‘Central Park Karen’ Says She Had To Call Cops On Black Man
A white woman known as “Central Park Karen” who went viral on cellphone video for calling the police on a Black bird-watcher in New York’s Central Park last year, has broken her silence and is claiming she had no choice but to do what she did.
During an episode of the podcast Honestly, the woman, Amy Cooper, said she felt backed into a corner after the bird-watcher, Christian Cooper, offered her dog a treat and asked her to keep the animal on a leash.
“He’s holding these dog treats in one hand and a bike helmet in his other hand, and I’m thinking, ‘Oh, my God, is this guy going to lure my dog over and try to hit him with his bike helmet?'” she told podcaster Kmele Foster. “And if I end up over there, am I going to get hit by this bike helmet?”
The interview, posted on Tuesday, runs contrary to Amy’s May remarks about the incident, in which she said she had overreacted and was sorry.
“When I think about the police, I’m such a blessed person.
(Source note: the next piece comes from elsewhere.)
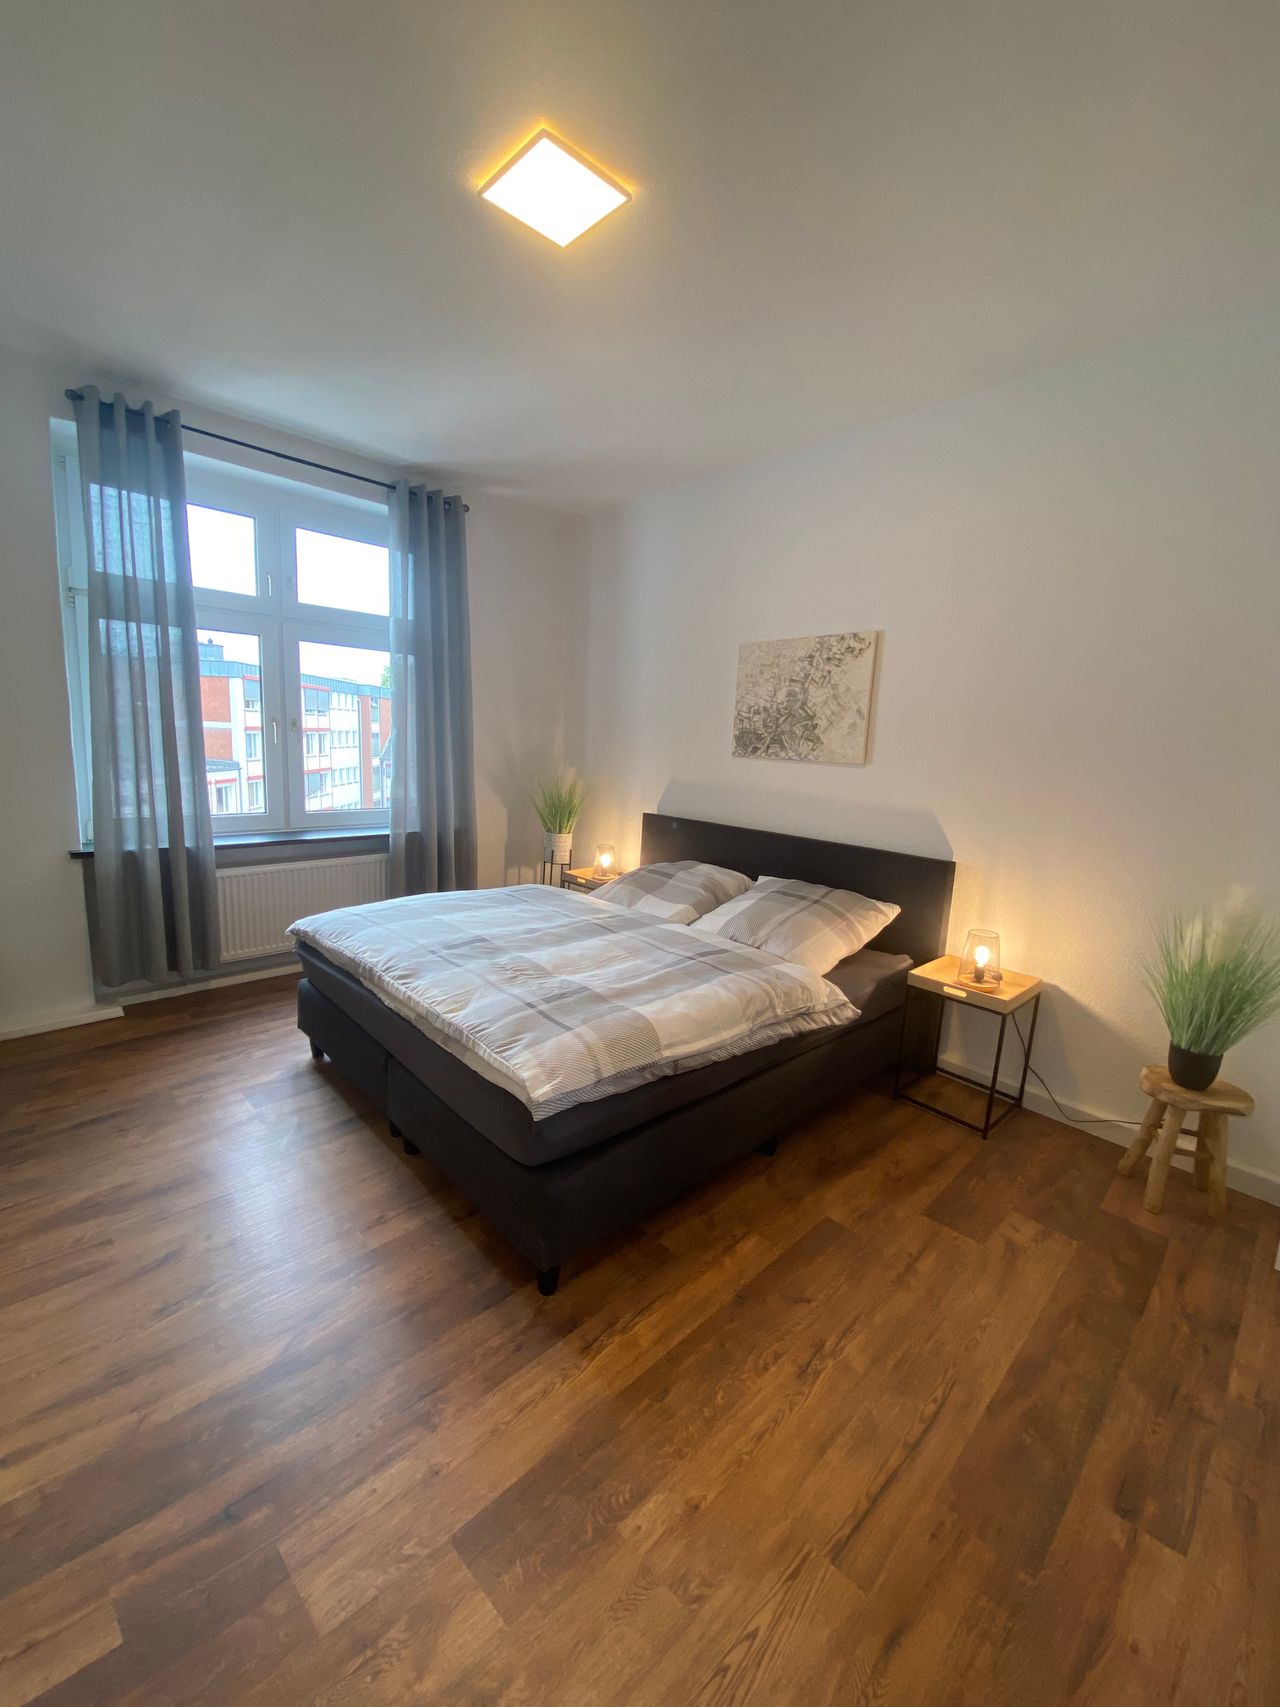 New & bright apartment in direct city center Dortmund

I’ve come to realize, especially today, that I think of [the police] as a protection agency, and unfortunately, this has caused me to realize that there are so many people in this country that don’t have that luxury,” she told NBC New York.
On the podcast, she contradicted her prior apology, saying, “I don’t know that as a woman alone in a park that I had another option” but to call the police.
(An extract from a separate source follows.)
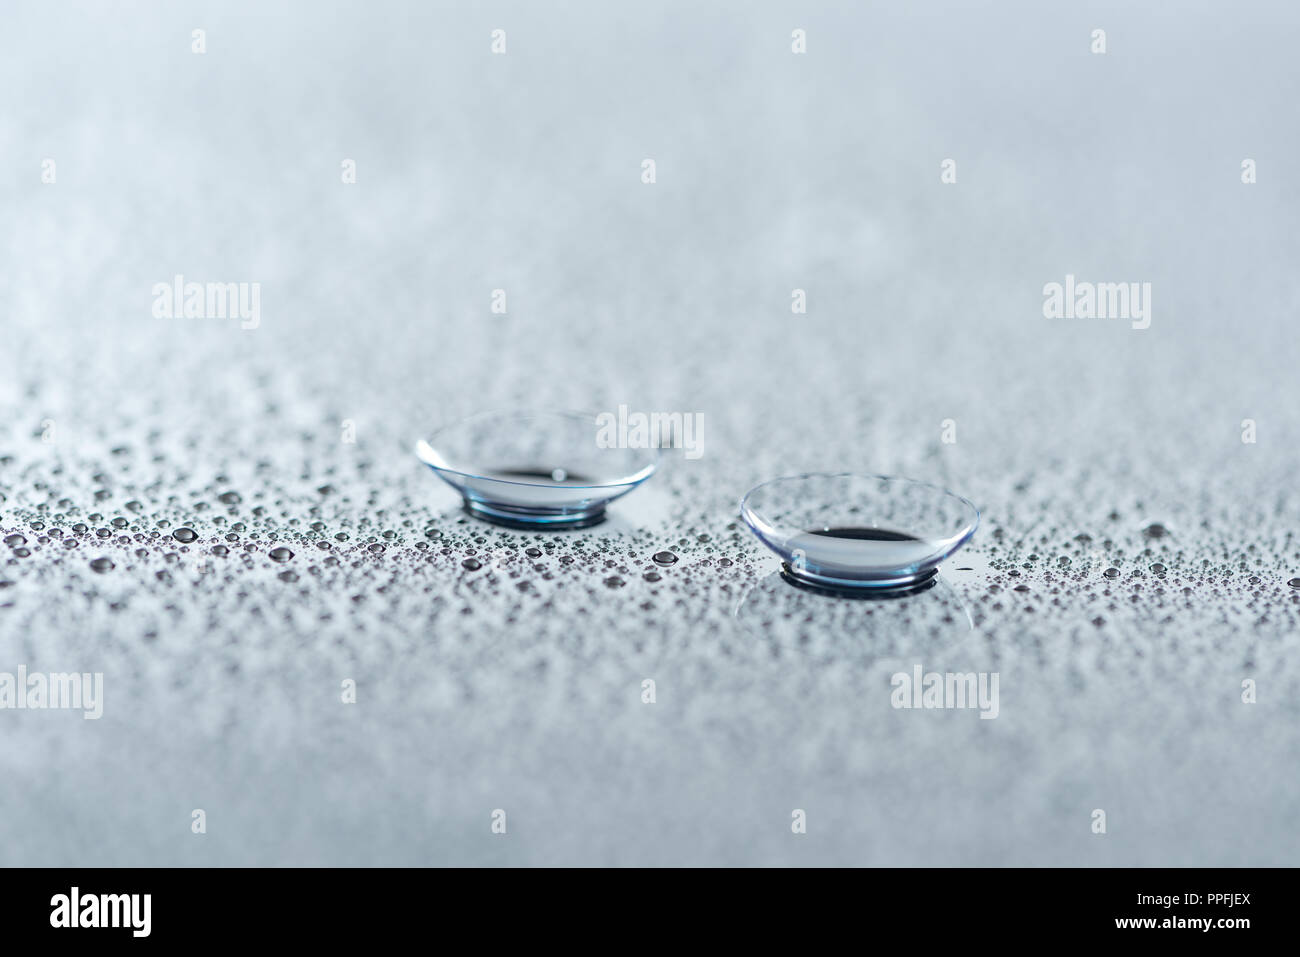 close up view of contact lenses on background with water drops Stock Photo

Christian Cooper had previously said he approached Amy to ask her to put her dog on a leash, which is the policy for the Ramble area of Central Park. The reason being is to preserve the area’s environment and wildlife.
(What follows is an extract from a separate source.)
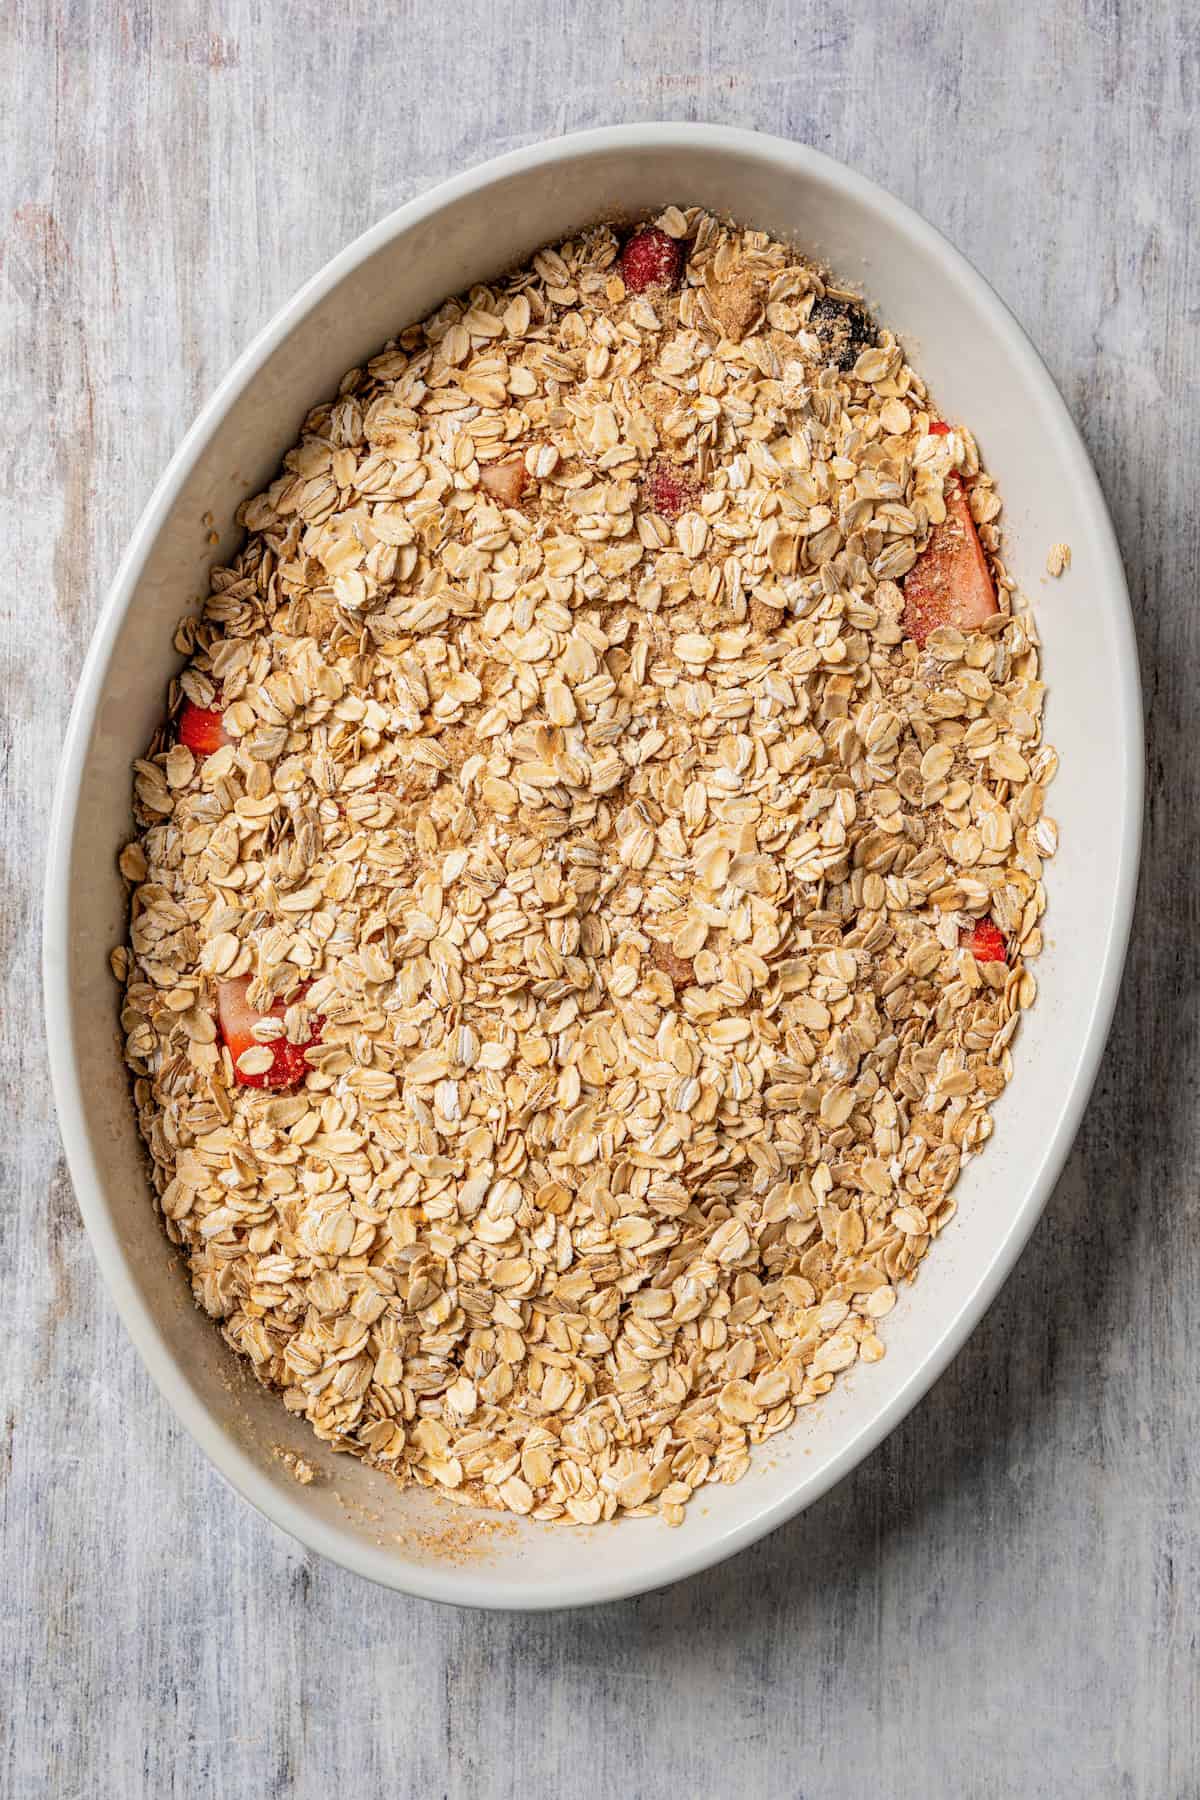 Berries topped with oatmeal in an oval casserole dish.

In the viral video shared on social media, Amy Cooper could be heard saying, “I’m taking a picture and calling the cops. I’m going to tell them there’s an African American man threatening my life.”
Subsequently, Amy Cooper was fired by the investment management company Franklin Templeton and charged with falsely reporting an accident in the third degree. That charge was dropped in February after Cooper completed five “psychoeducation and therapy” sessions, according to Assistant District Attorney Joan Illuzzi.